There is a pretty big variation in death rates by state. One possible reason for
this difference is the typical age in each state. States with younger
populations should have a lower death rate than states with older populations.
The file `age_by_state.csv `__
has the median age for each state from 2010. Add a new column for median state
age using *VLOOKUP*.
.. shortanswer:: death_age_correlation
What is the correlation between the death rate and the median age?
.. image:: figures/median_age_death_rate.png
The scatter plot of death rate and median age shows that states with younger
populations *do* tend to have a lower death rate than states with older
populations. Of course, since correlation does not imply causation, that doesn’t
necessarily mean that if you move to Alaska, you’ll turn younger or live longer.
.. shortanswer:: summary_findings
Write a summary of this finding that you can send out to your teammates.
Keep it brief and non-technical, but refer to important findings.
Answering questions relating different variables and trying to explain
variation often involves bringing together information from different sources.

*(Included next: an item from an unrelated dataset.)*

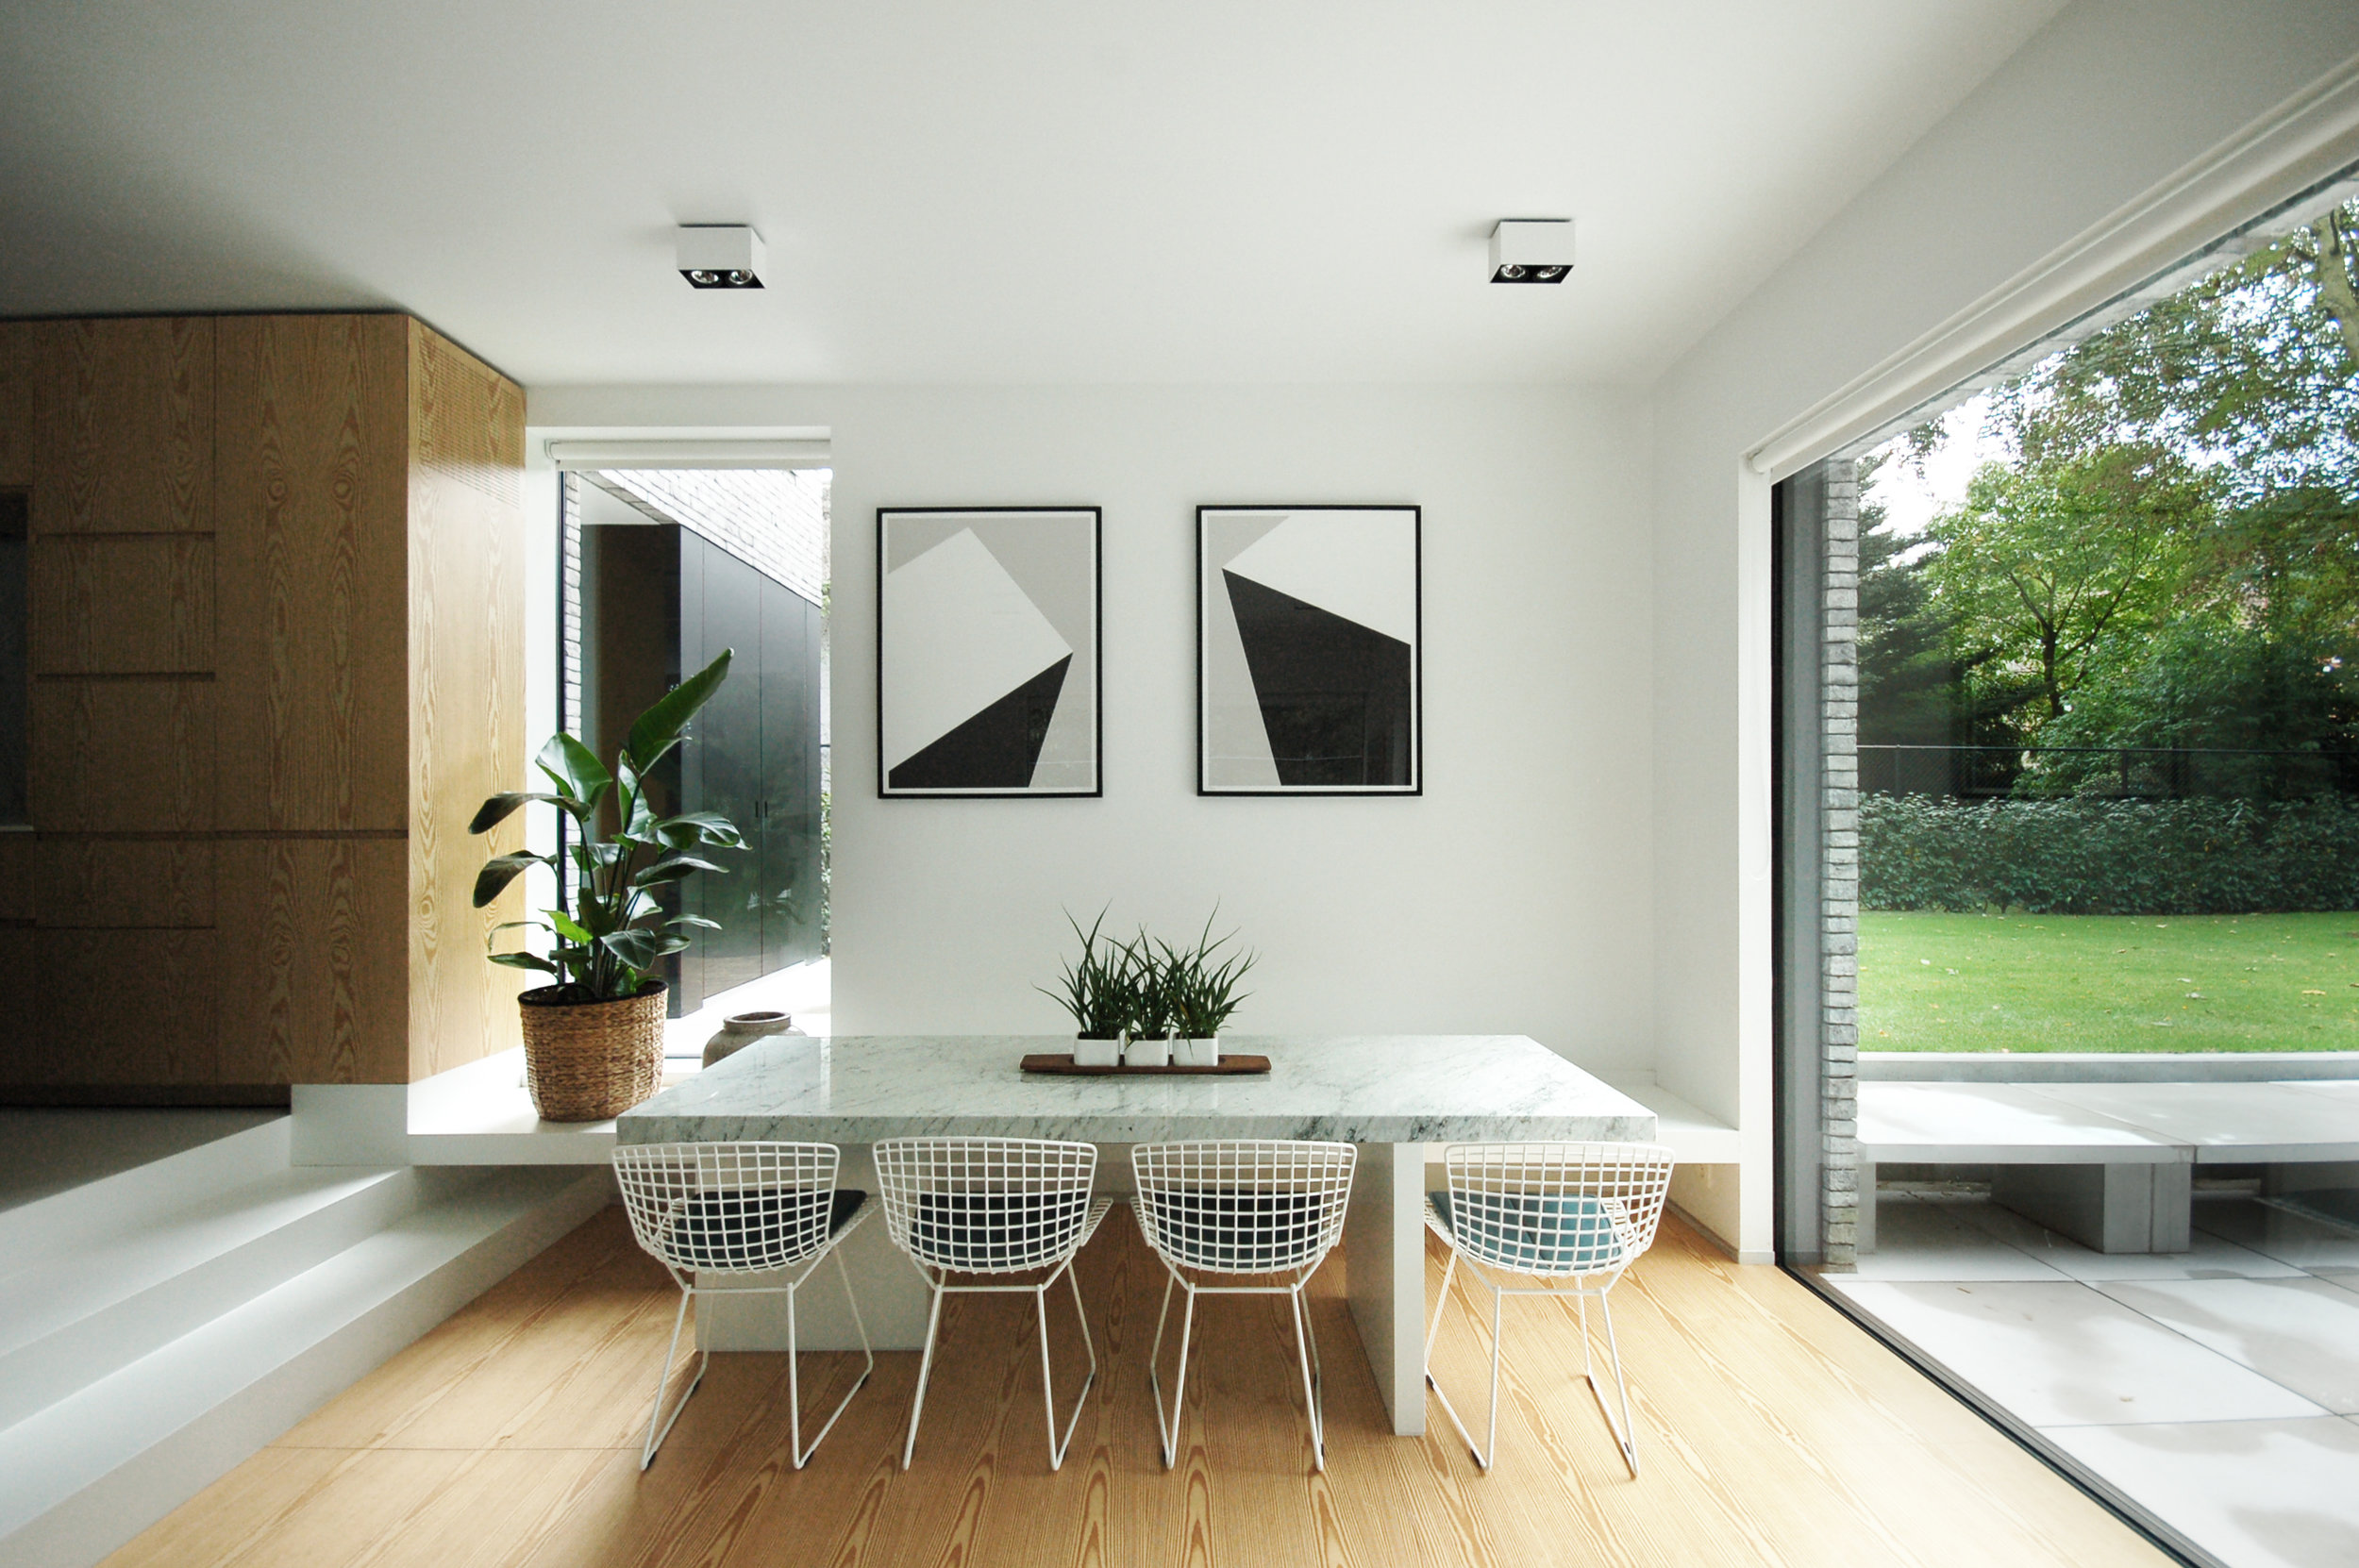 demeestervliegen-architecture-interior-interiorarchitecture-office19.jpg

*VLOOKUP* is a great tool for joining data, but it’s not the only one. In the
next few weeks of this course you’ll learn about other ways to join data that
are more flexible and that work for much larger datasets.
Example: Cause of Death over Time
---------------------------------
One possible explanation for the increase in the number of deaths due to cancer,
unintended injuries and Alzheimer’s disease, is that the population of the USA
has increased over the same time period. To rule out population growth as a
cause of the increase, you need to look at the percentage of the population that
died from each cause over time, rather than the raw numbers of deaths.
Construct a pivot table with “Cause Name” for rows and “Year” for columns. The
values are the sums of the number of deaths for each group. As the state
population data starts in 2010, add a filter to only display the years 2010 to
2016. To convert the total number of deaths to percentages, divide the number of
deaths by the population for each year.
Add a row below showing the population for each year from 2010 to 2016. (There
are several ways to do this. One possible solution uses the sum of each column
of state populations to get the population for each year.)
.. image:: figures/us_population_by_year.png
To graph the percentage for each cause of death, construct a table below (or in
another sheet) with the same row and column labels. The value of each cell in
this table will be the number of deaths for that cause and year divided by the
population for that year.
.. image:: figures/death_percentage.png
Select the data in this table, A18:H28, and insert a line graph showing how
these percentages have changed over time. The graph below has been restricted to
cancer, Alzheimer’s disease and unintentional injury for clarity. The line types
have also been modified to be dashed in different ways.
.. image:: figures/death_percentage_time.png
Though the cancer rate is consistent over time, the rates for Alzheimer’s
disease and unintentional injury have increased between 2010 and 2016. The
Center for Disease Control and Prevention `tracks these changes
`__
and studies `the causes of these increases `__
very closely. The CDC’s research suggests that the number of Alzheimer’s related
deaths has been increasing because the US population is getting older and
Alzheimer’s is a disease that mostly affects older adults. Additionally, there
has been an increase in physicians recording Alzheimer’s as the cause of death.
The rate of unintentional injury has also increased, due to increases in fatal
car accidents, drug overdose deaths, and fatal falls.